Another crucial insight is the need for positive and negative feedback loops. These are synapses that ignore the causal sequence of fired activations. Especially the negative feedback synapses are interesting because they require the introduction of mutually shielded branches for the activations that follow. They create a kind of independent interpretation of parts of the input data set, and only later on the decision is made which of these interpretations is selected. It is very similar to what a parse tree does, except that a parse tree is limited to syntactic information only. Another way to relate it to classical logic is to consider it as a non-monotonic inference, which in classical AI could not be solved properly since the weak influences that neural networks are able to capture are missing from classical logic.

Relational Pattern Part Neurons

In a text, the sequence of words is not arbitrary and is required to carry the meaning of that text. Thus, we also need a way to represent this sequence in the activations network. Let us consider the example of the two-word phrase "the cat". Here we have an input pattern neuron representing each word. Additionally we have two relational pattern part neurons per word that allow us to establish the connections to the previous and next word. Since the pattern part neurons belong to the pattern of a specific word, we also need an inhibitory neuron to avoid having to create a quadratic number of synapses to connect the corresponding relational neurons.
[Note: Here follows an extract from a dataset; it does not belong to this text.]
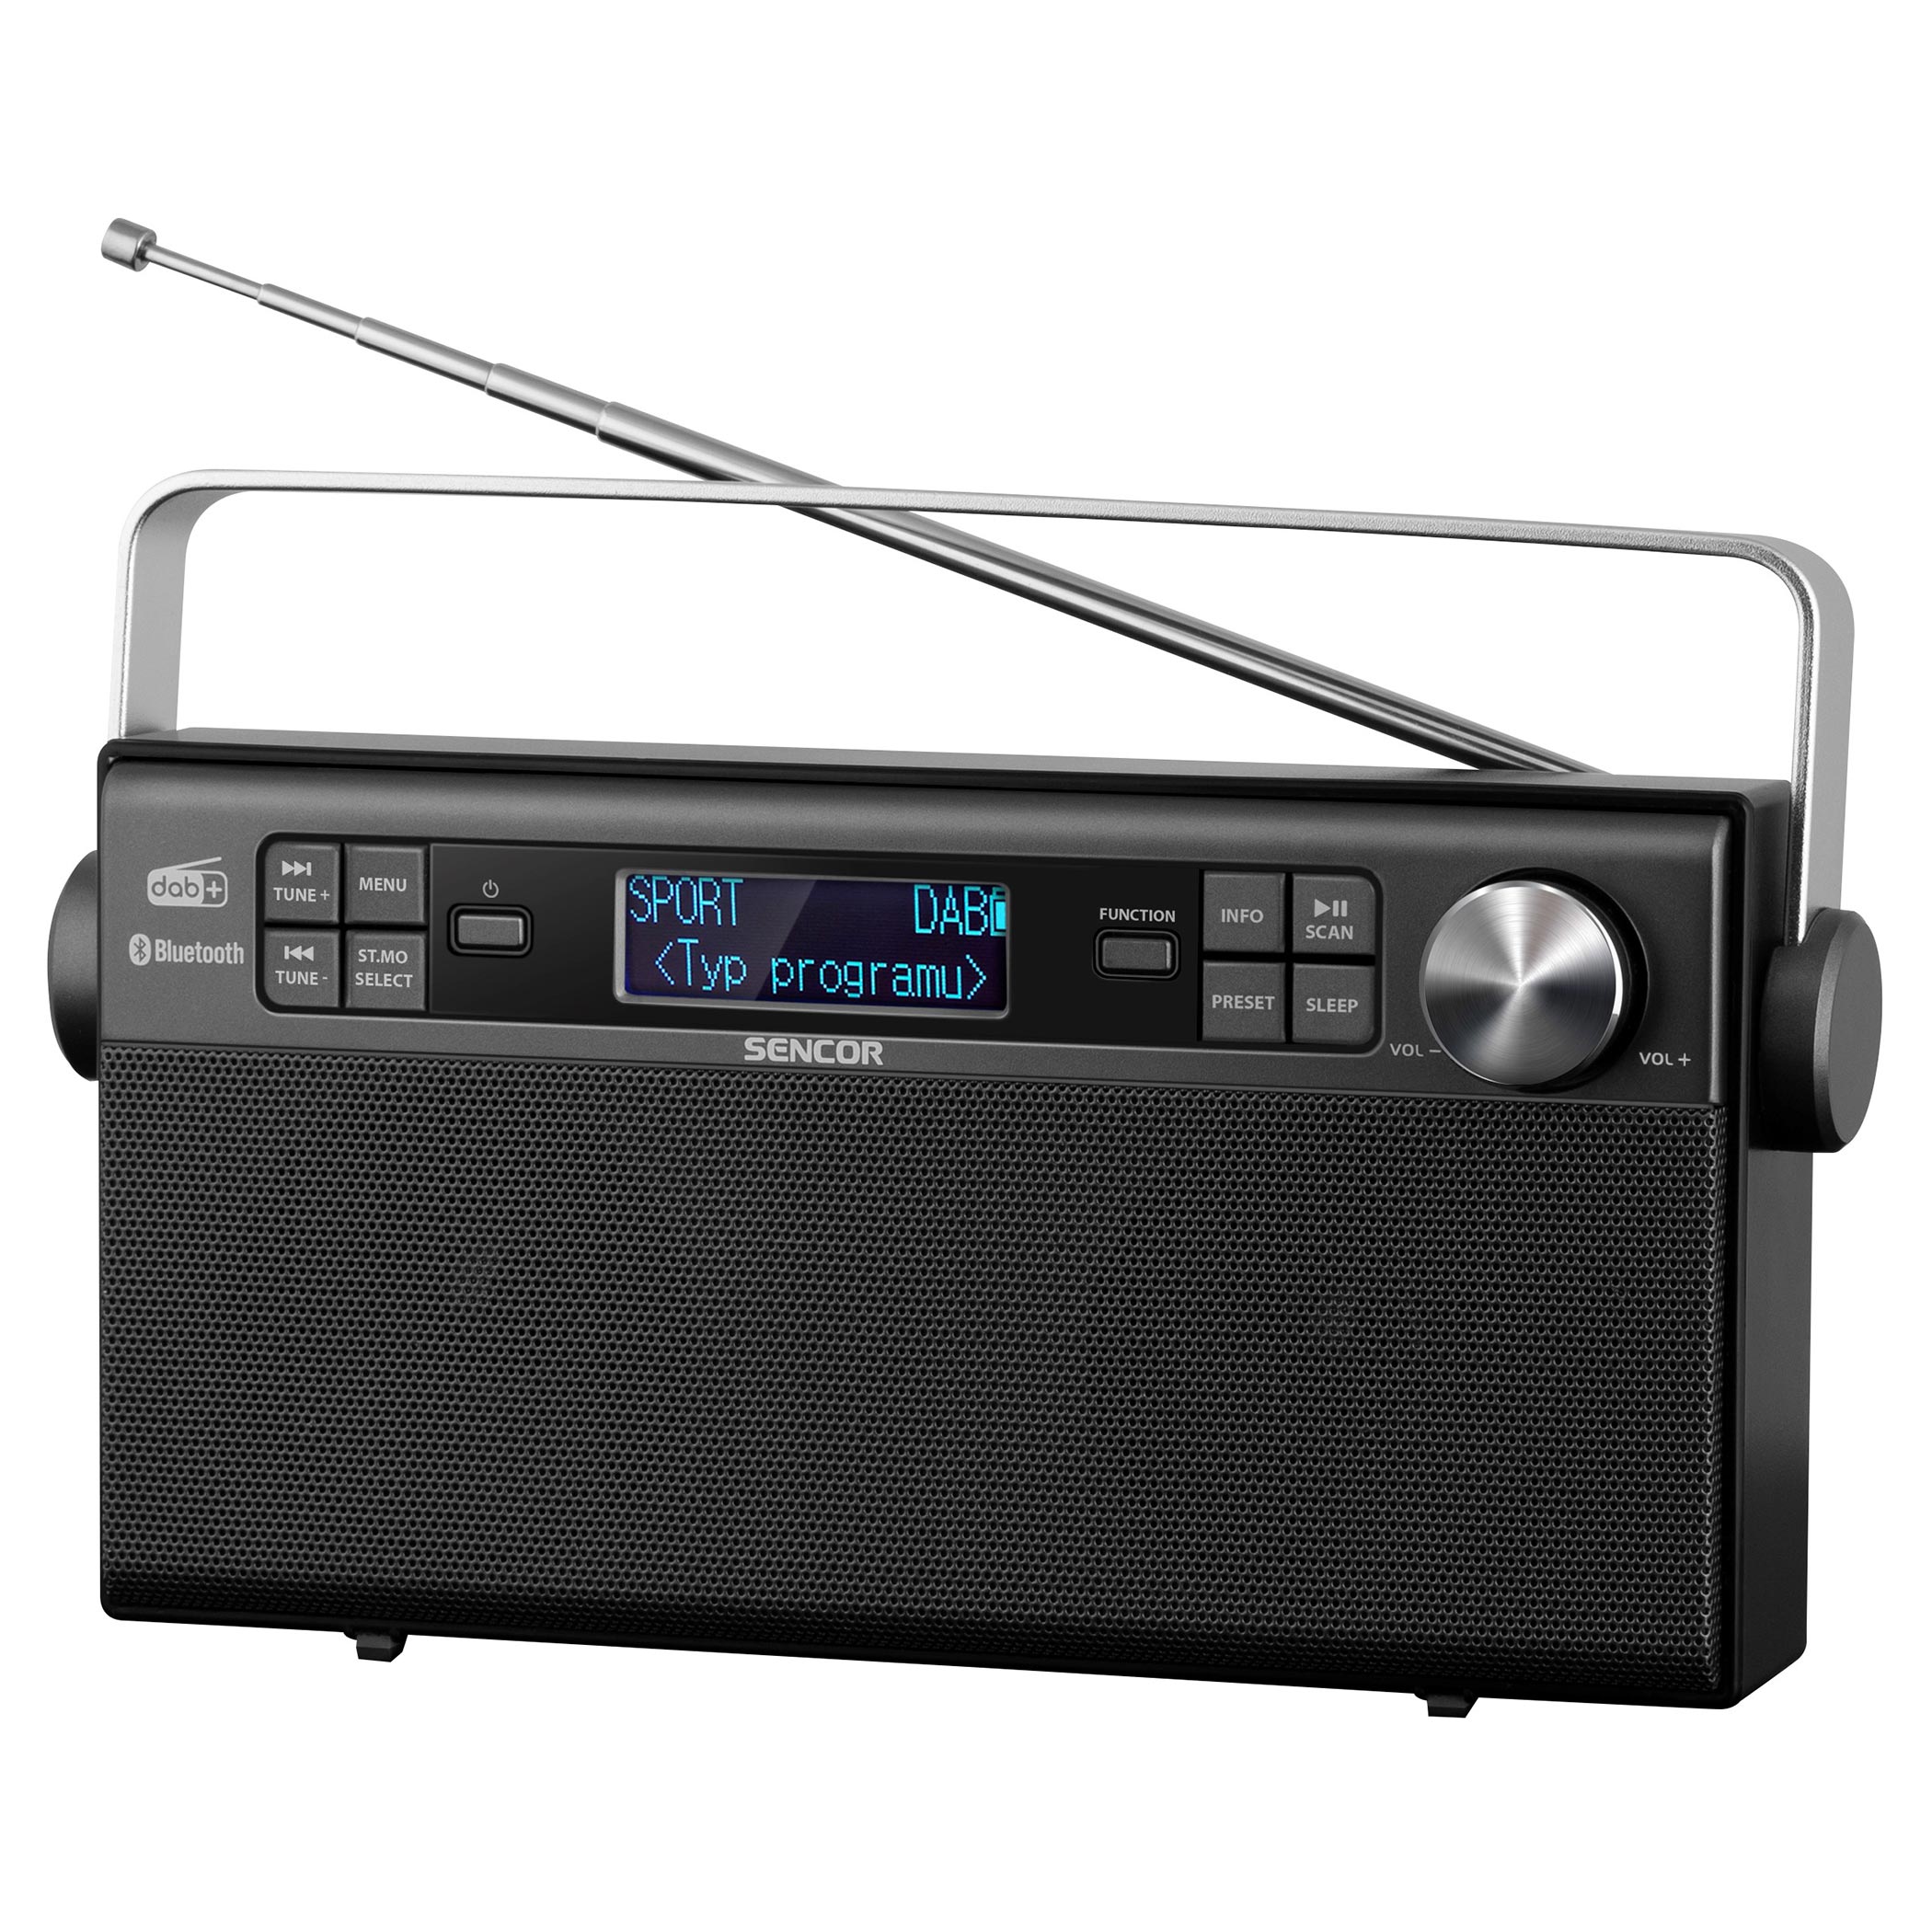 Digital Radio DAB+ | SRD 7800 | Sencor

Now, how can we facilitate these relational neurons to match the phrase pattern neuron "P-the cat"? For this we need to ensure that the pattern part neurons of the pattern "P-the cat" do not map to any unrelated words in the text. There are two things needed for this. First, there needs to be a synapse from the pattern part neuron "PP-the" to the pattern part neuron "PP-cat" that establishes the requirement of an relationship between these two neurons. The second part is to verify this relationship during the linking process for the activations. This is done by requiring a connecting path through the activation network between the input and the output activation of a potential new link. This verification is performed by a 'visitor' class that steps through the activation network in search of such a connection. At each activation and each link a transition operation is performed in order to check that all of the conditions for a certain neuron or synapse type hold. When the visitor is able to close a loop, a new link is created.

The red arrows depict the path of the visitor.